Notwithstanding the difficulties of being objective, many researchers have had a go at describing societies how they ‘really are’. From Marx’s capitalism, through Simmel’s social structuring and Bourdieu’s cultural capital, social scientists have tried to explain what we do, and why we do it. In the pursuit of objectively understanding human interactions, social scientists have conducted some seriously unethical experiments over the years (see The Top 10 Evil Human Experiments). Thankfully this has resulted in rigorous ethical guidelines that researchers must consider as part of any research. Now, for researchers in my generation, participant sensitivity is a given.

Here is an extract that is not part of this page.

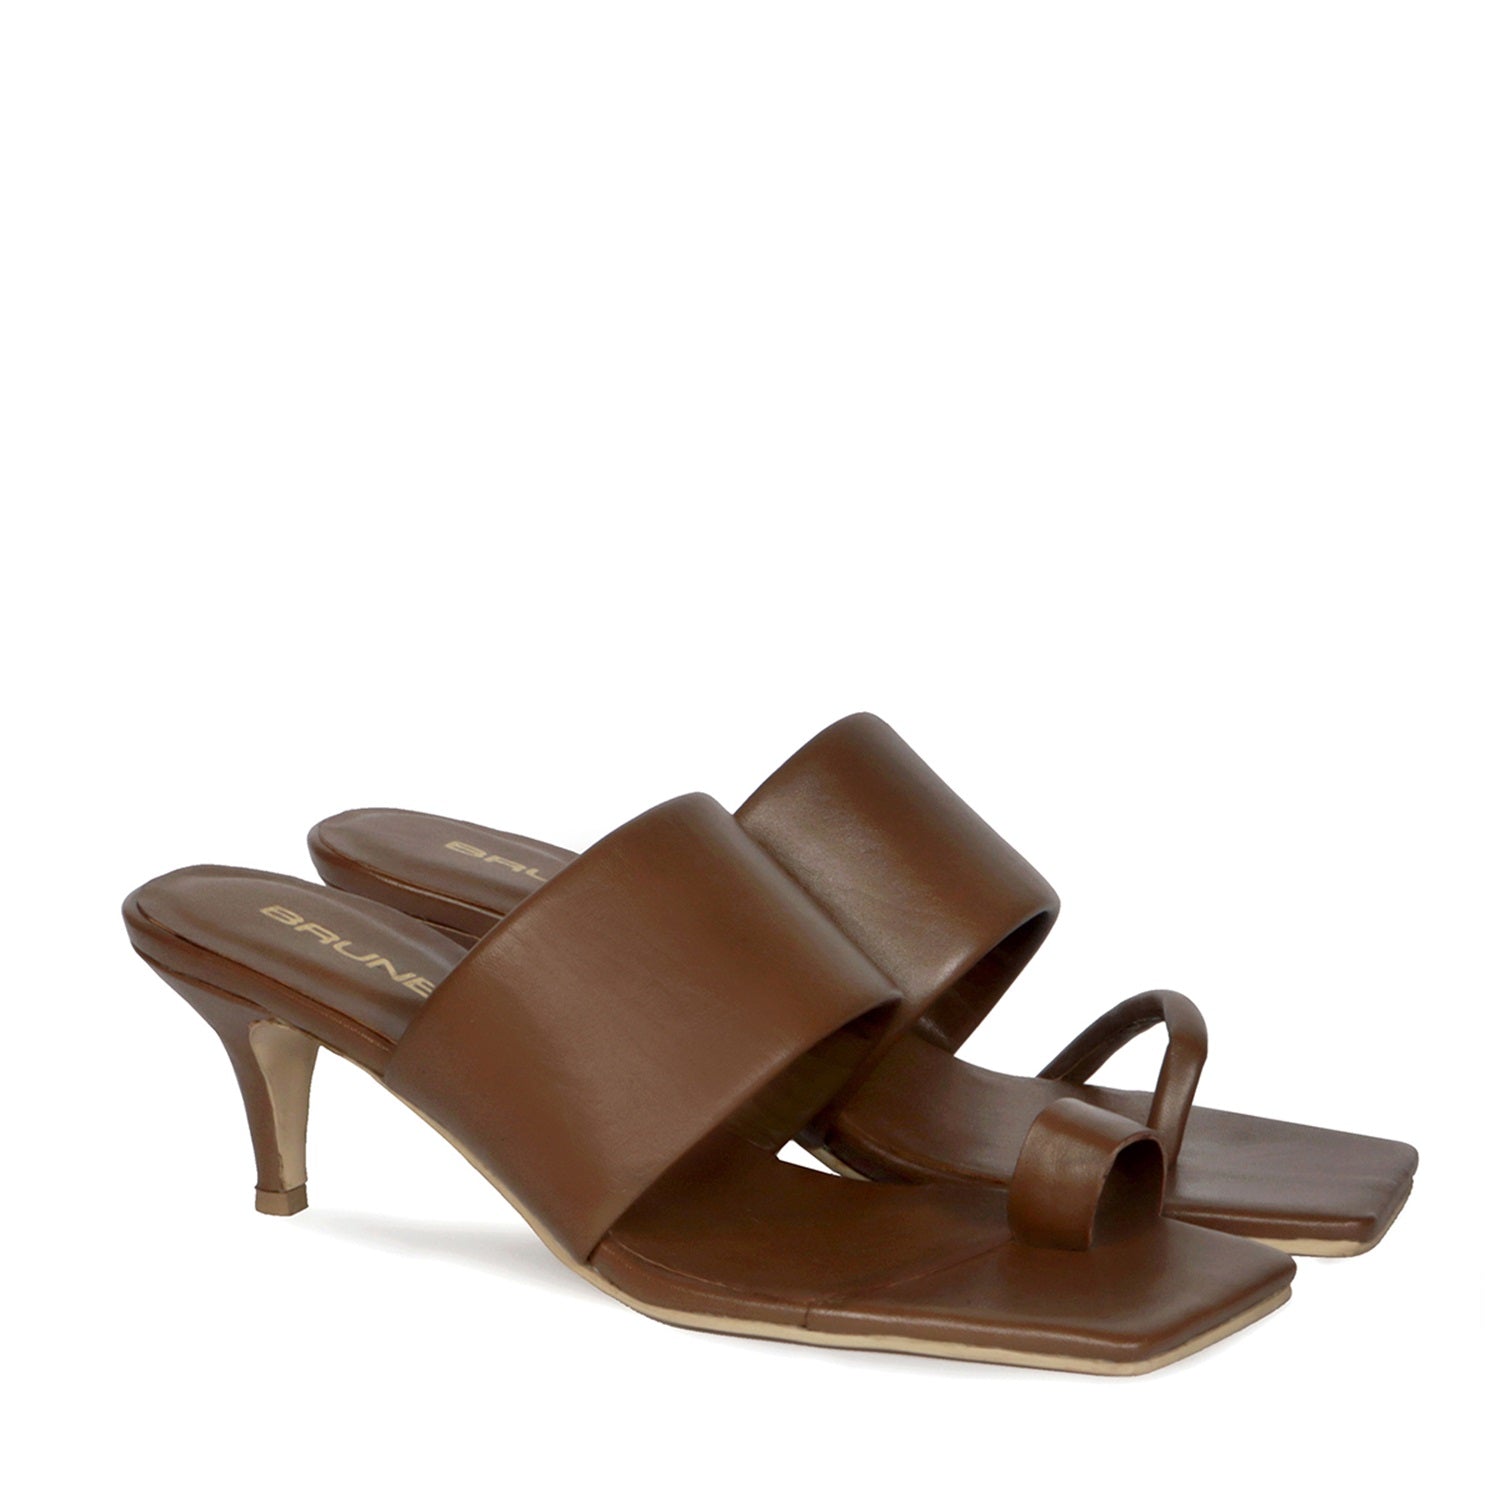 Tan & Dark Brown Leather Kolhapuri Sandals

So – I was doing some (ethics approved) research last weekend, working alongside an oral historian, who collects in-depth stories from people to understand how they see the world. I was struck by his sense of solidarity with his ‘informants’, his natural empathy was a boon for eliciting interesting thoughts from our participants. Chatting to him over a knock-off beer I was impressed by his generous world-view and his allowance of everyday agency; he sees people as meaningfully controlling their own lives. This was thrown into stark contrast this week reading Distinction. Bourdieu’s 1984 tome uses both large cultural surveys and interviews to make inferences about the French class system. Bourdieu is disparaging about people’s ability to make choices out of the context that they are socialised in, and is often candidly disdainful of his informants, but he is one of the most widely cited contemporary sociologists. This has made me think about how closely researchers work with people, and how empathy can make us assign more agency than is observable. Perhaps the unsympathetic lens is more objective?

I went back to read Nobody was Dirty and my last sentence is “Credit should be given to individuals’ ability to embrace awareness and reflexivity in the reproduction of consumption practices.” I am now wondering if I only said this because I like my participants and want them(us) to have consciousness of their(our) own actions.

Is there a way to see the world how it really is while still being human?